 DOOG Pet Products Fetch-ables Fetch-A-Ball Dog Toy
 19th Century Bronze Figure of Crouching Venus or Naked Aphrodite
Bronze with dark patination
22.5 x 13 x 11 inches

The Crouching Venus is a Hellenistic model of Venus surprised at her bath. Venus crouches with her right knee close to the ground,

● ● ● ● ●

**What you have to do:**
Please transcribe all of the records, keeping every line exactly as it is.

**Completed task:**
 DOOG Pet Products Fetch-ables Fetch-A-Ball Dog Toy
 19th Century Bronze Figure of Crouching Venus or Naked Aphrodite
Bronze with dark patination
22.5 x 13 x 11 inches

The Crouching Venus is a Hellenistic model of Venus surprised at her bath. Venus crouches with her right knee close to the ground,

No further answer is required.